McGee signed them to his latest label – 359 Music – barely six months after their formation, and with such a renowned manager on the touchline, the football loving working class heroes-in-waiting are indeed a much needed riposte to the overbearing middle class bands that remain dominant just about everywhere you look these days.

Alias Kid have already supported another band on McGee’s management roster, The Jesus And Mary Chain on their Psychocandy tour, and will soon be heading off with Shaun Ryder’s reformed Black Grape after they met the band at Bez’s electoral campaign, and it’s with the plethora of Manchester bands of the past where these boys mingle. Growing up as fans of McGee’s biggest legacy – Oasis – as well as Primal Scream and The Stone Roses amongst others, and with Inspiral Carpets’ Clint Boon plus Oasis’ Bonehead other well known supporters, there is a strong Mancunian presence that seeps indelibly into their output.
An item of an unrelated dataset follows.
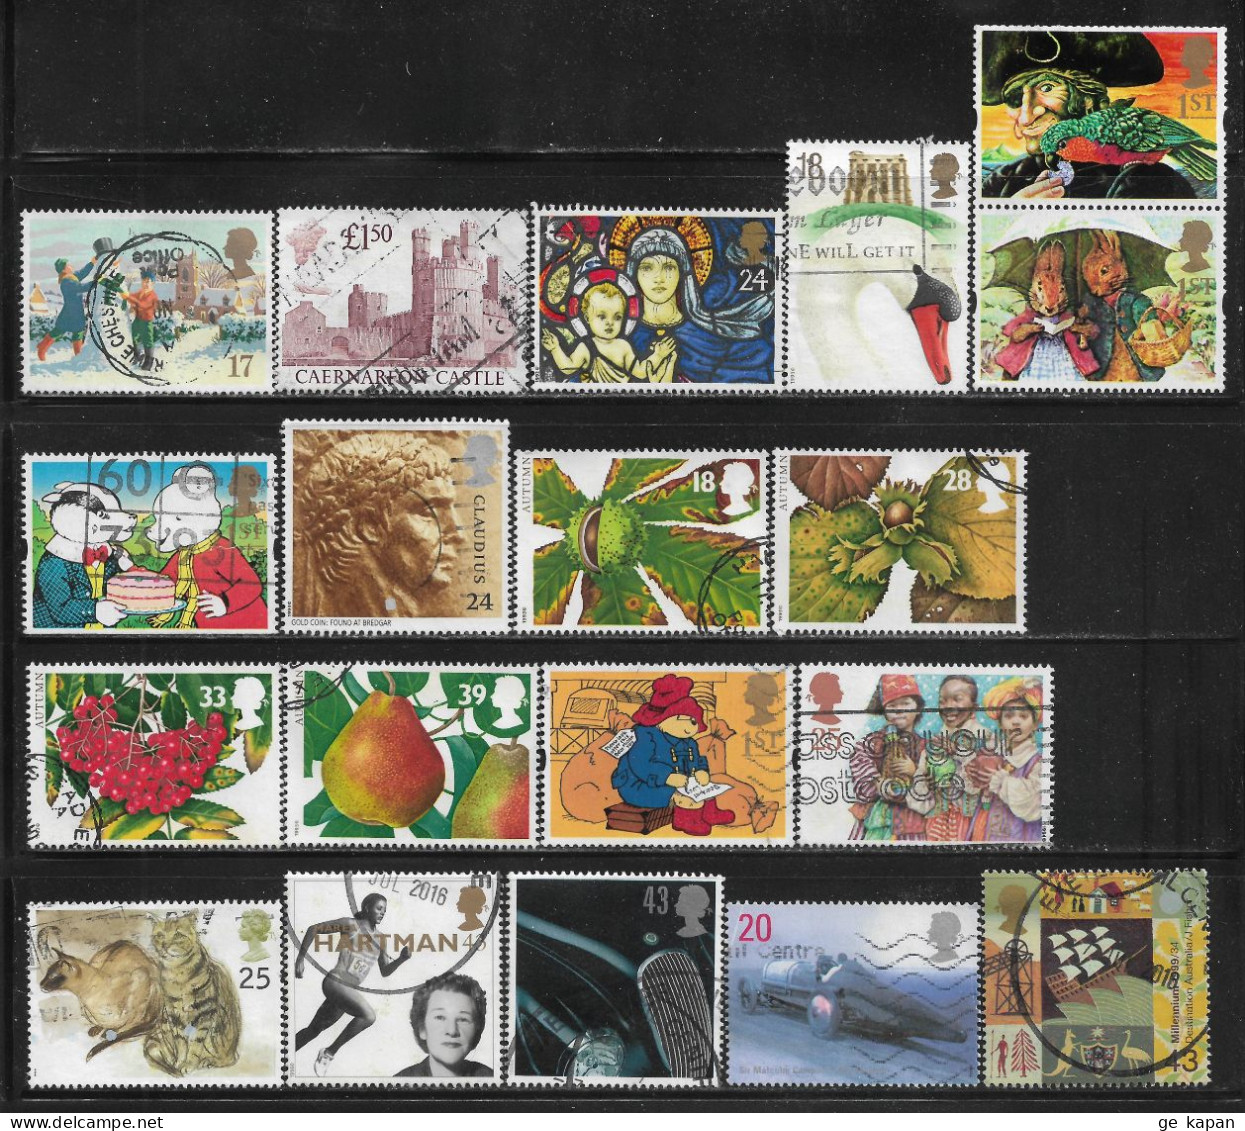 1990-1999 GREAT BRITAIN Lot Of 19 USED STAMPS CV $16.55 - Oblitérés
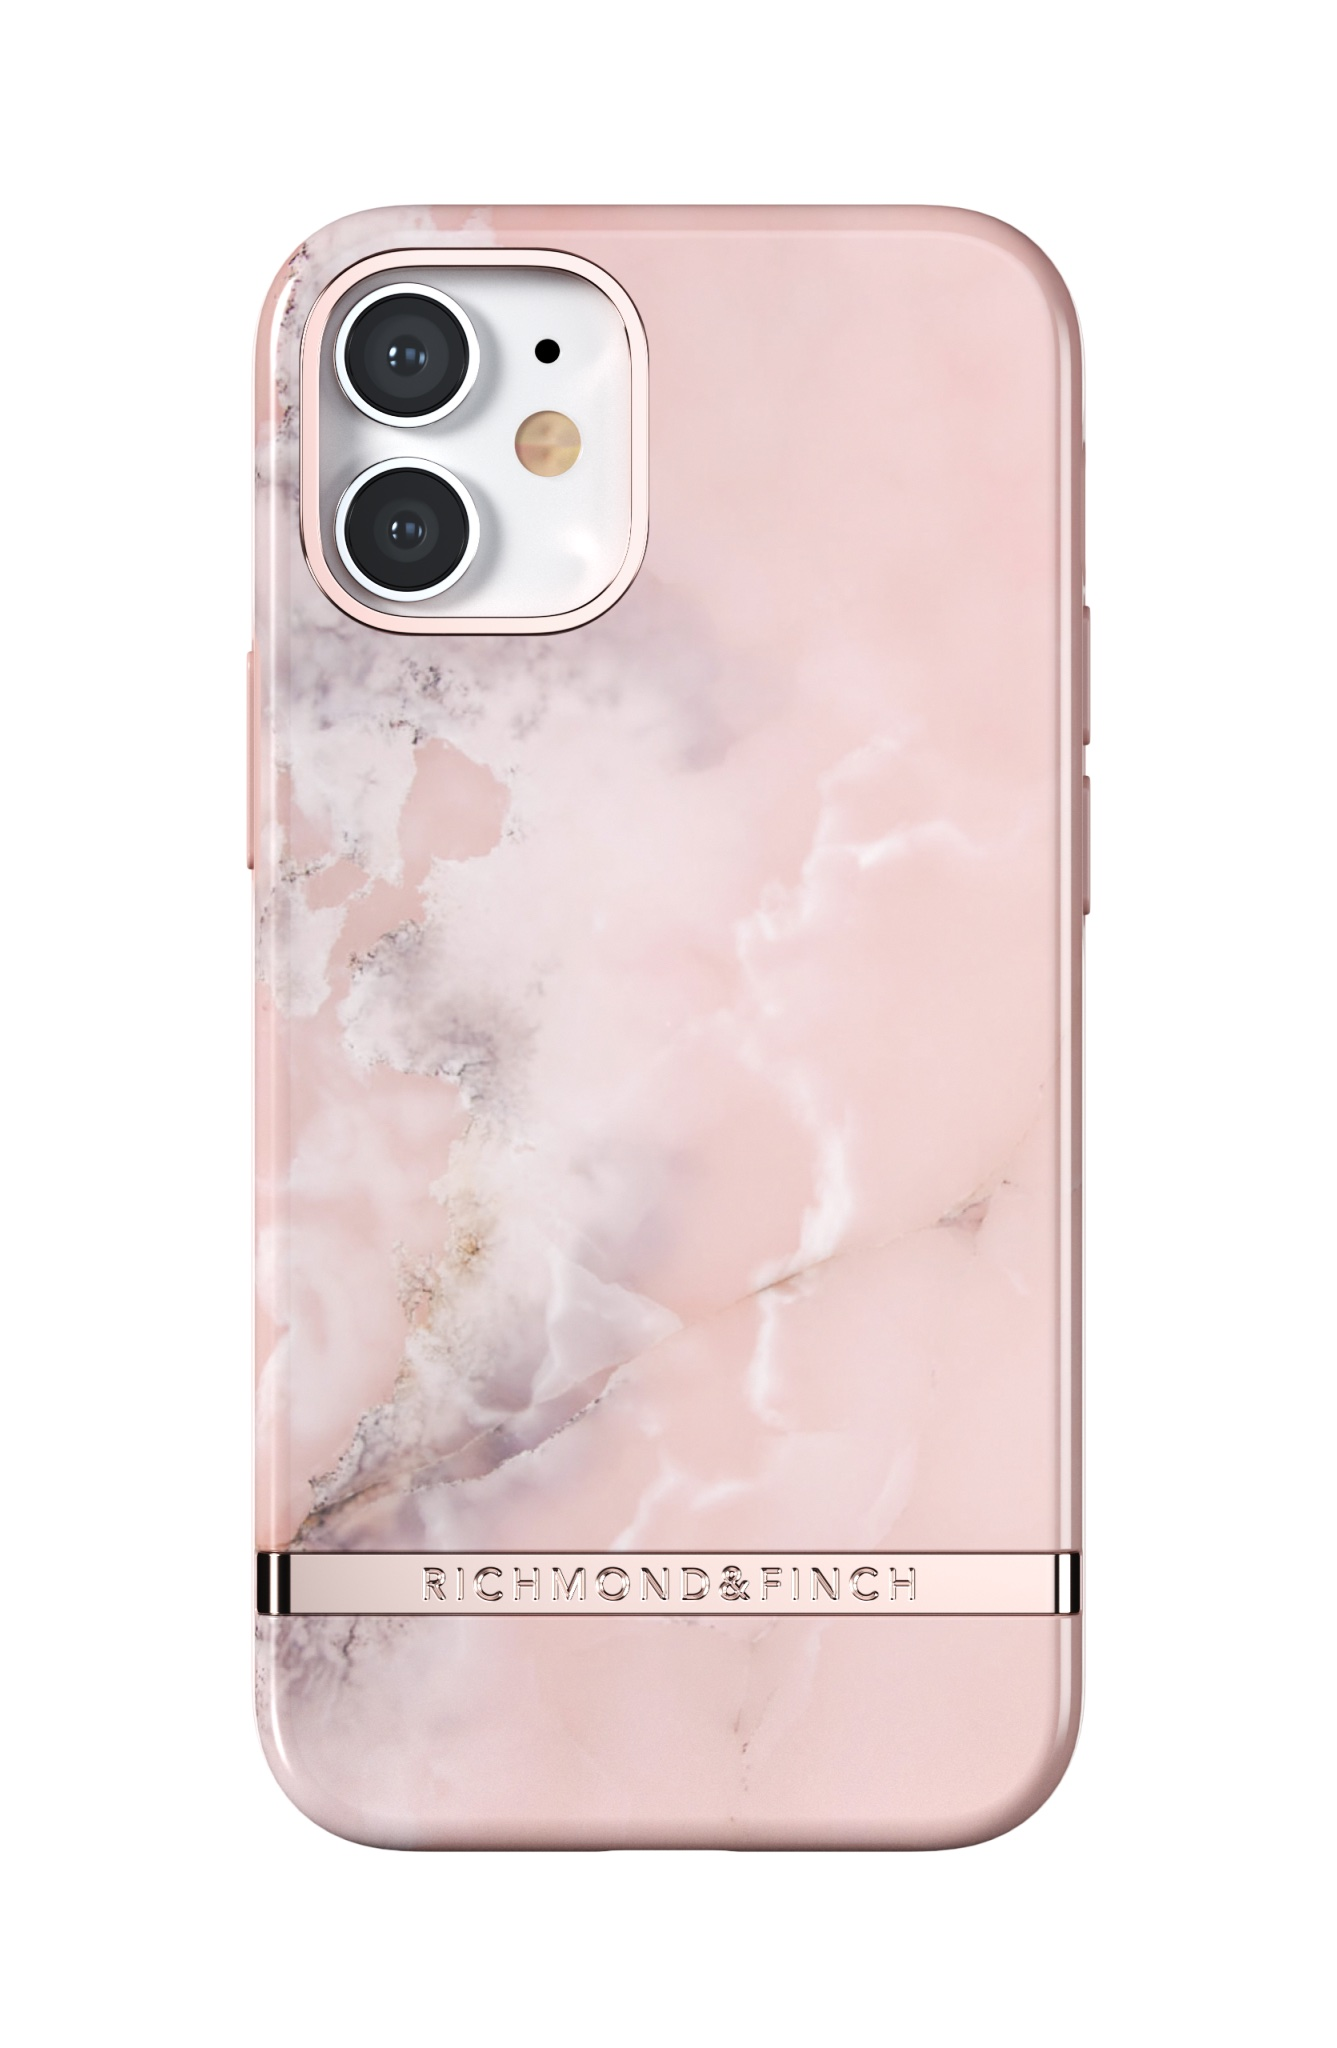 RICHMOND & FINCH 12 IPHONE APPLE, Marble 12 Pink PINK Backcover, MINI, mini, iPhone

Revolt To Revolt was recorded in the Glasgow studio of Paul Quinn, Teenage Fanclub’s drummer, who has most recently been seen behind the kit for a reformed Andy Bell-less Hurricane #1, another ex-Creation act. With both Quinn and Kevin Burleigh (Glasvegas) producing the debut, the raw edge synonymous with new bands staking a claim to be the next people’s champions, though, is perhaps more polished than usual.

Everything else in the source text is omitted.